Bathed in a stunning searchlight, smoky and, at times, strobe effect haze of mist, obscuring their faces, they race through emotive, compelling lyrics.  Amputation’s study of lost relationship relays the ‘kiss today but fuck tomorrow’ impermanence of love ’just like grape in a bottle…wine today but piss tomorrow, ‘ through that guitar-screaming, art-as-terrorism vibe.

While Blues From A Gun bleeds a different angst: ‘Like a cracked open sky, it helps you to die. Don’t split it scrape it, You’re screaming automatic pain,’ perhaps alluding to the lost wilderness years so clouded with drink, drugs and discord. ‘I guess that’s why I’ve always got the blues,’ it concludes.

Cracking Up soared through the encore behind some beautiful doleful, shoegazing melodies. These included, Just Like Honey from Psychocandy, the band’s debut studio album, and Some Candy Talking, whose loveliness cuts a vulnerable path through their ‘don’t give a fuck’ contempt for the world and exposes their skinny youth humanity.

People were dancing from the word go and by the second song the packed crowd were shouting for more of this undiminished vitality and energy.

Punky, edgy, angry, searing and sweet, soothing and magnificent, their fusion of paradoxical states once again carried them to shore. ‘Better than the first time I saw them, dare I say, 32 years ago,’ said one enthusiastic fan.

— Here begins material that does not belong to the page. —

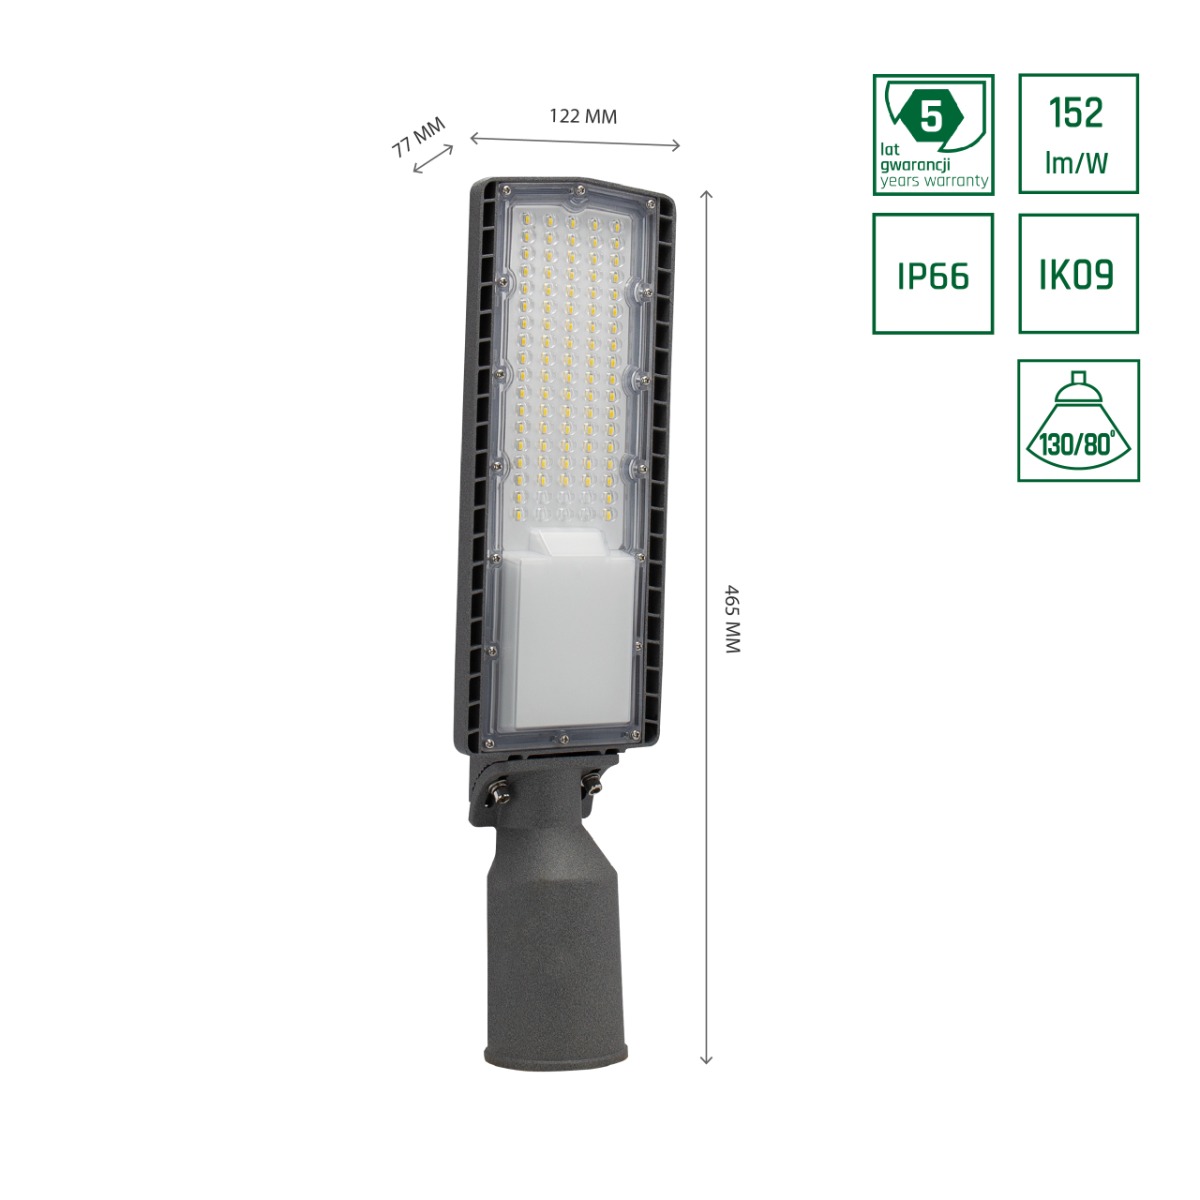 LED-Straßenbeleuchtung 50 W, kippbar, 152 L/W, IP66

The gig, which continued EIFs 16-day homage to Scottish popular music in collaboration with the National Museum of Scotland’s Rip It Up exhibition was a curious thing.

As Spinning Coin and Honey Blood tore into their respective indie folk, psychedelic and defiant sets, it was at times quite hard to determine which of the last of the three decades we were in.

The Jesus and Mary Chain, who honoured so many who went before –  the Ramones, the Velvet Underground, Phil Spectre’s girl bands and the Beach Boys – were influencing these younger, vibrant and accomplished pretenders to their thrones. It was like history in motion.

Older fans were gravitating to the mosh pit at this sold out gig, perhaps a bit more conscious of pain in their knees but no less enthusiastic and a younger audience who didn’t seem to care about the merging of generations.

Hidden Door may well face melt-down; casualties of a runaway success story that saw them invest everything into a dereliction one councillor described as’ doomed’. But this last night’s musical first aid has surely reinvigorated their fight and started some wound healing.